Not sure if this is what the above comment means by "atomic", but a shortcoming of Postgres' JSON support is that it will have to rewrite an entire JSON object every time a part of it gets updated, no matter how many keys the update really affected. E.g. if I update an integer in a 100MB JSON object, Postgres will write ~100MB (plus WAL, TOAST overhead, etc.), not just a few bytes. I imagine this can be a no-go for certain use cases.
It drives me batty to see people store 100MB JSON objects with a predictable internal structure as single records in an RDB rather than destructuring it and storing the fields as a single record. Like, yes, you can design it the worst possible way like that, but why? But I see it all the time.
Actually, that's the whole point of RDBs: that you can alter your data model (in most cases) just by a simple DDL+DML query. And it is with NoSQL that you have to manually download all the affected data from the DB, run the transformation with consistency checks, and upload it back. Or, alternatively, you have to write your business logic so that it can work with/transform on-demand all the different versions of data objects, which to my taste is even more of a nightmarish scenario.
The benefits of going schemaless in the early stages of development are highly suspect in my experience. The time that one might save in data modeling and migrations comes out from the other end with shittier code that’s harder to reason about.
My perspective is that using NoSQL does not save time in data modeling and migrations. Moreover, one has to pay in increased time for these activities, because
(a) in most cases, data has to follow some model in order to be processable anyway, the question is whether we formally document and enforce it at a relational storage, or leave it to external means (which we have to implement) to benefit from some specifically-optimized non-relational storage,
(b) NoSQL DBs return data (almost) as stored, one cannot rearrange results as freely as with SQL queries, not even close, thus much more careful design is required (effectively, one has to design not only schema but also the appropriate denormalization of it),
(c) migrations are manual and painful, so one had better arrive at the right design at once rather than iterate on it.
That is, of course, if one doesn't want to deal with piles of shitty code and even more shitty data.
It's not an issue with size. It's an issue with race conditions. With Mongo I can update a.b and a.c concurrently from different nodes and both writes will set the right values.
You can't do that with PG JSONB unless you lock the row for reading...
What?? That's an insane argument. That's like saying if one client sets column X to 1 and another client concurrently sets SET y = 2, one client's writes will be LOST. It shouldn't, and it doesn't. If it did, nobody would use Postgres. This issue only exists with PG's JSON impl.

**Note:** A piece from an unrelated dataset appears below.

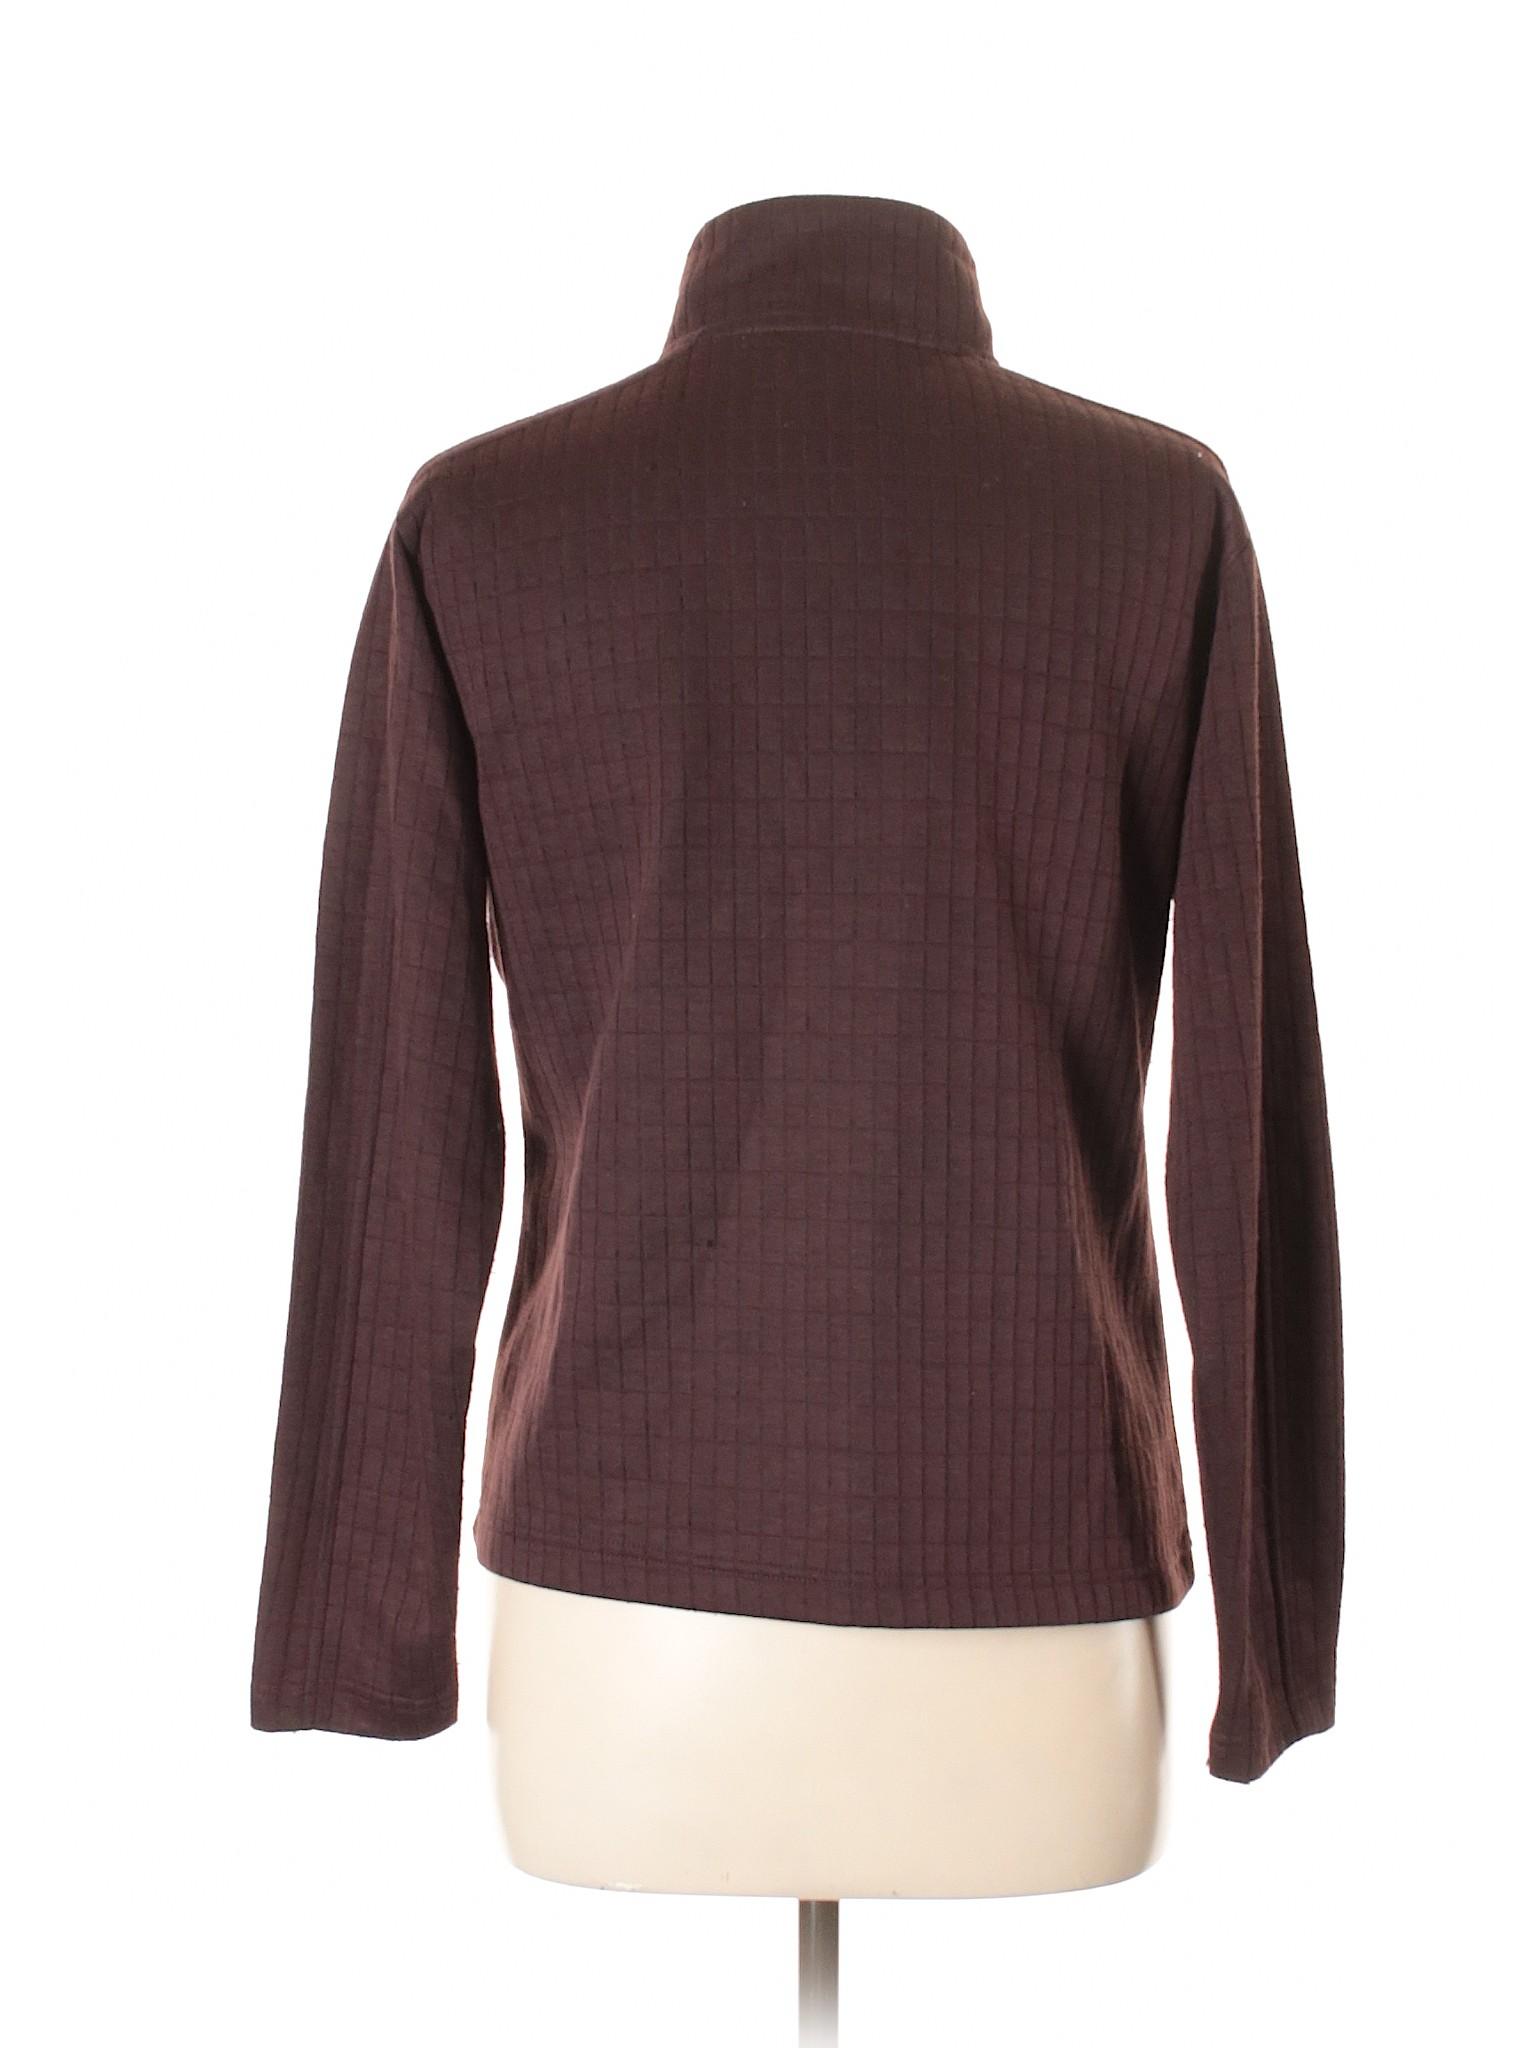 Jacket leisure Blass Boutique Track Bill I0zYx7v

What?? That’s an insane way to describe what I’m talking about. Data/transaction isolation is very complex and extremely specific to every use case, which is why database engines worth anything let you describe to them what your needs are. Hence why when one client writes to Y they specify what they think X should be if relevant and get notified to try again if the assumptions are wrong. An advantage of specifying your data and transaction model up front is that it will surface these subtle issues to you before they destructively lose important information in an unrecoverable manner.